SPoRt - Safe Policy Ratio: Certified Training and Deployment of Task Policies in Model-Free RL

Published: 15 Jun 2025, Last Modified: 07 Aug 2025AIA 2025EveryoneRevisionsBibTeXCC BY 4.0
Keywords: reinforcement learning, safe RL, LTL, policy adaptation, scenario approach, robust control
TL;DR: A model-free RL approach for adapting an existing 'safe' policy to maximize task-specific reward a while maintaining a bound on safety violation known prior to rollout.

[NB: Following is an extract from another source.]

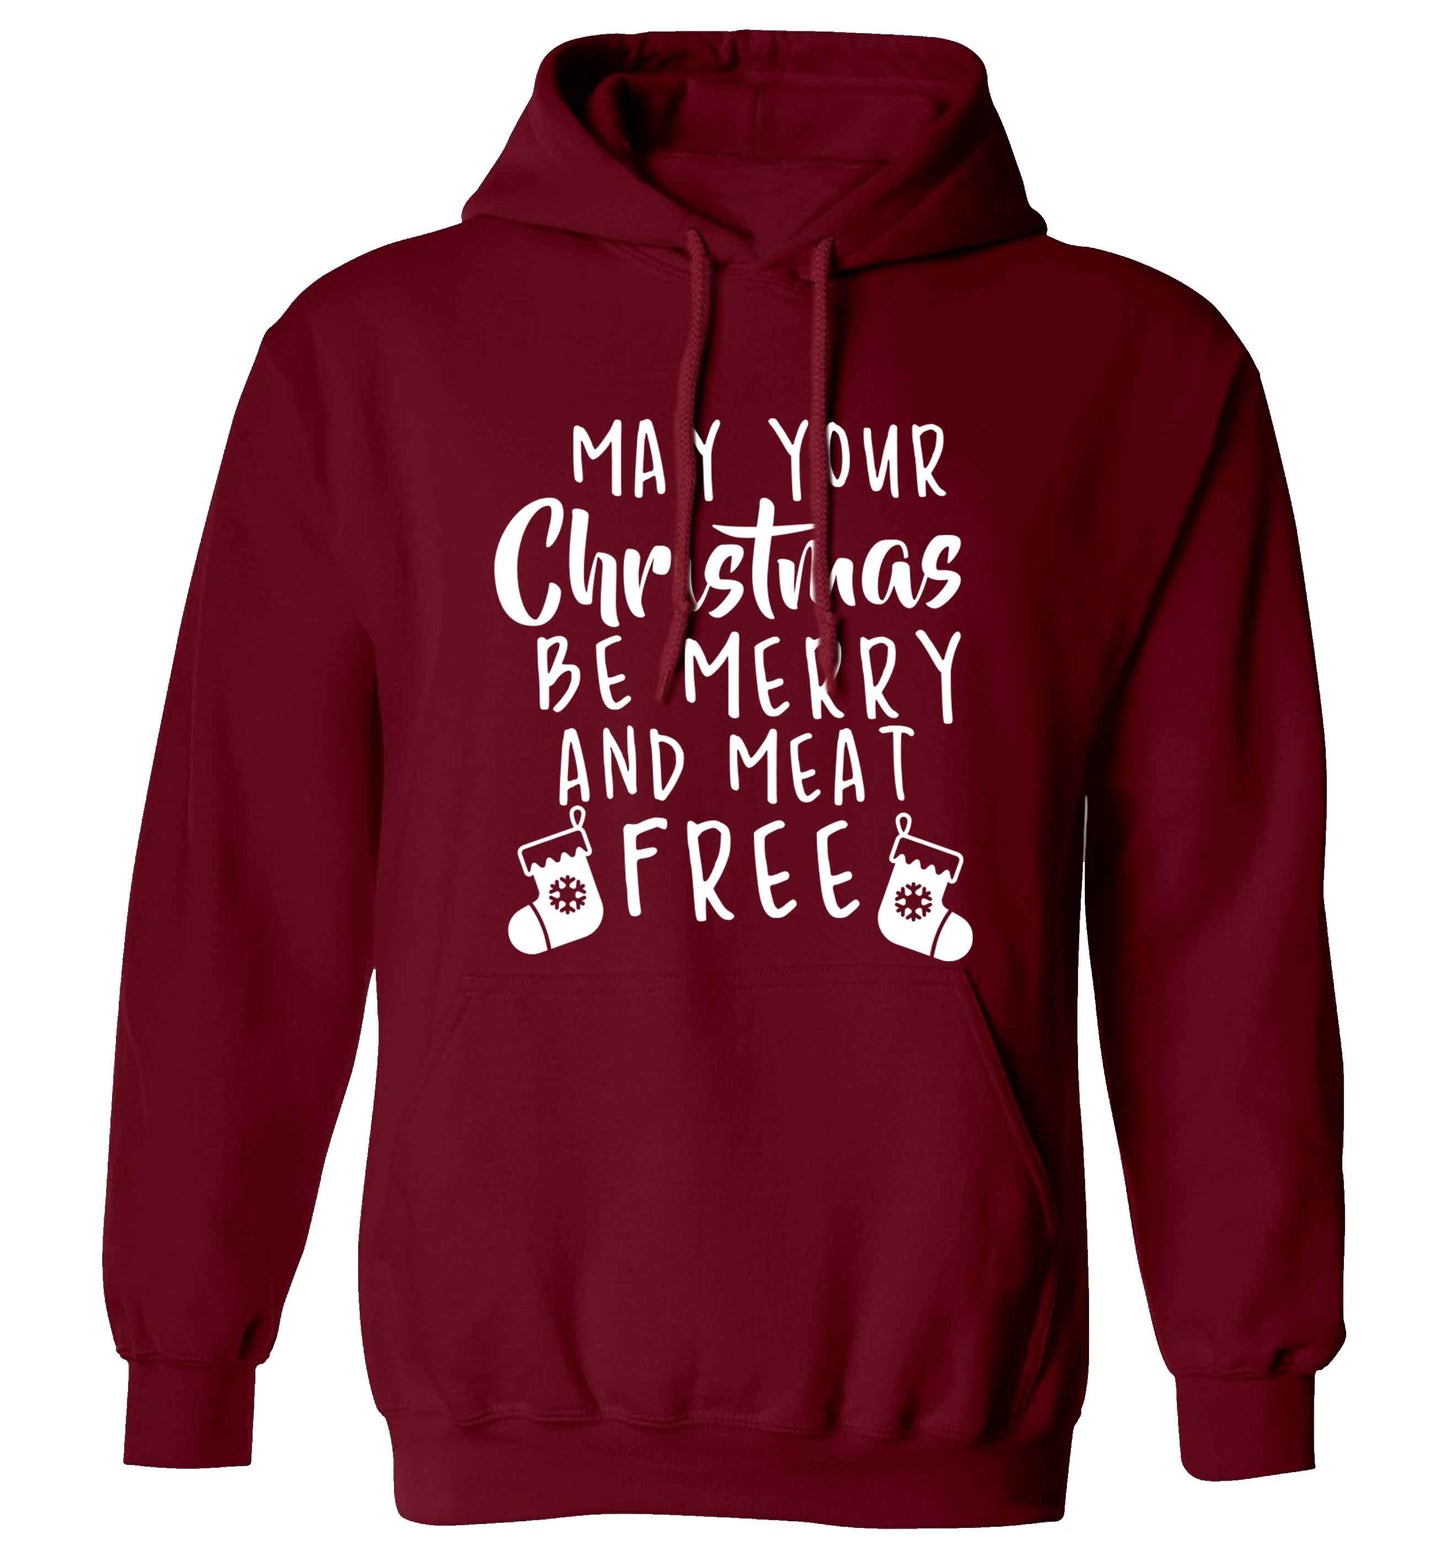 May your Christmas be merry and meat free adults unisex maroon hoodie 2XL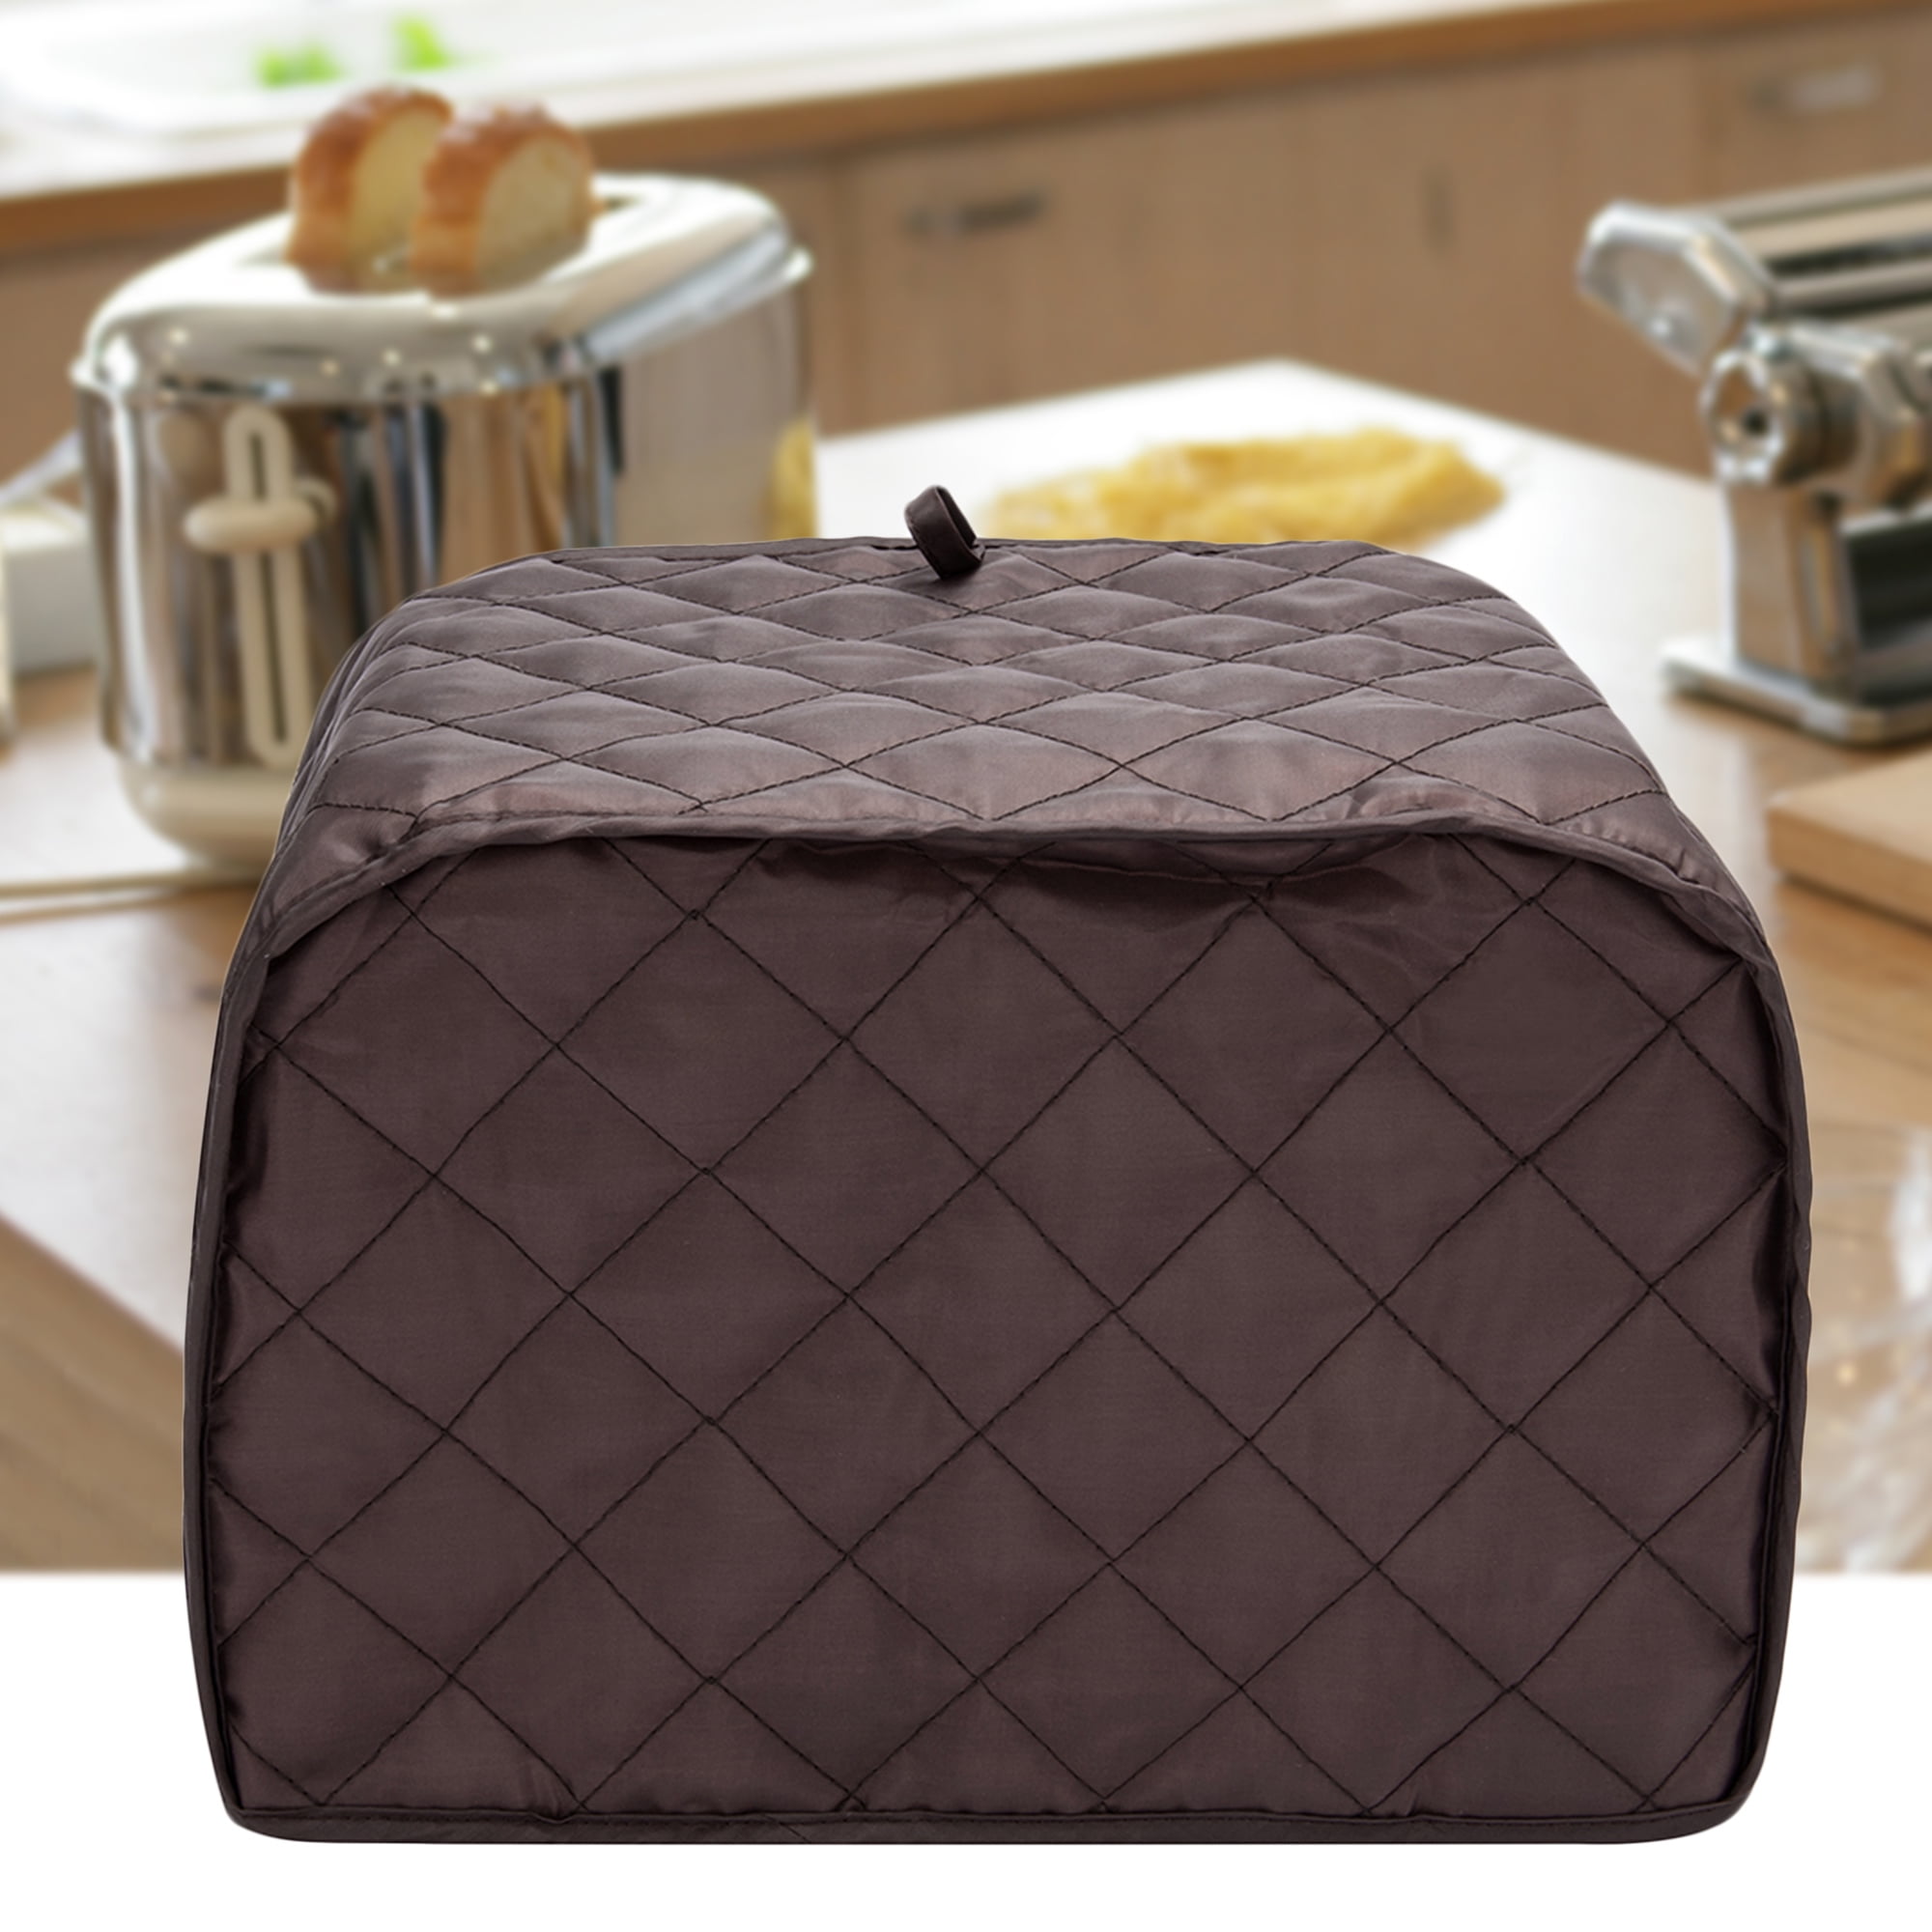 NEW COFFEE 2 SLICE APPLIANCE TOASTER COVER

Abstract: To apply reinforcement learning to safety-critical applications, we ought to provide safety guarantees during both policy training and deployment. In this work, we present theoretical results that place a bound on the probability of violating a safety property for a new task-specific policy in a model-free, episodic setting. This bound, based on a maximum policy ratio computed with respect to a 'safe' base policy, can also be applied to temporally-extended properties (beyond safety) and to robust control problems. To utilize these results, we introduce SPoRt, which provides a data-driven method for computing this bound for the base policy using the scenario approach, and includes Projected PPO, a new projection-based approach for training the task-specific policy while maintaining a user-specified bound on property violation. SPoRt thus enables users to trade off safety guarantees against task-specific performance. Complementing our theoretical results, we present experimental results demonstrating this trade-off and comparing the theoretical bound to posterior bounds derived from empirical violation rates.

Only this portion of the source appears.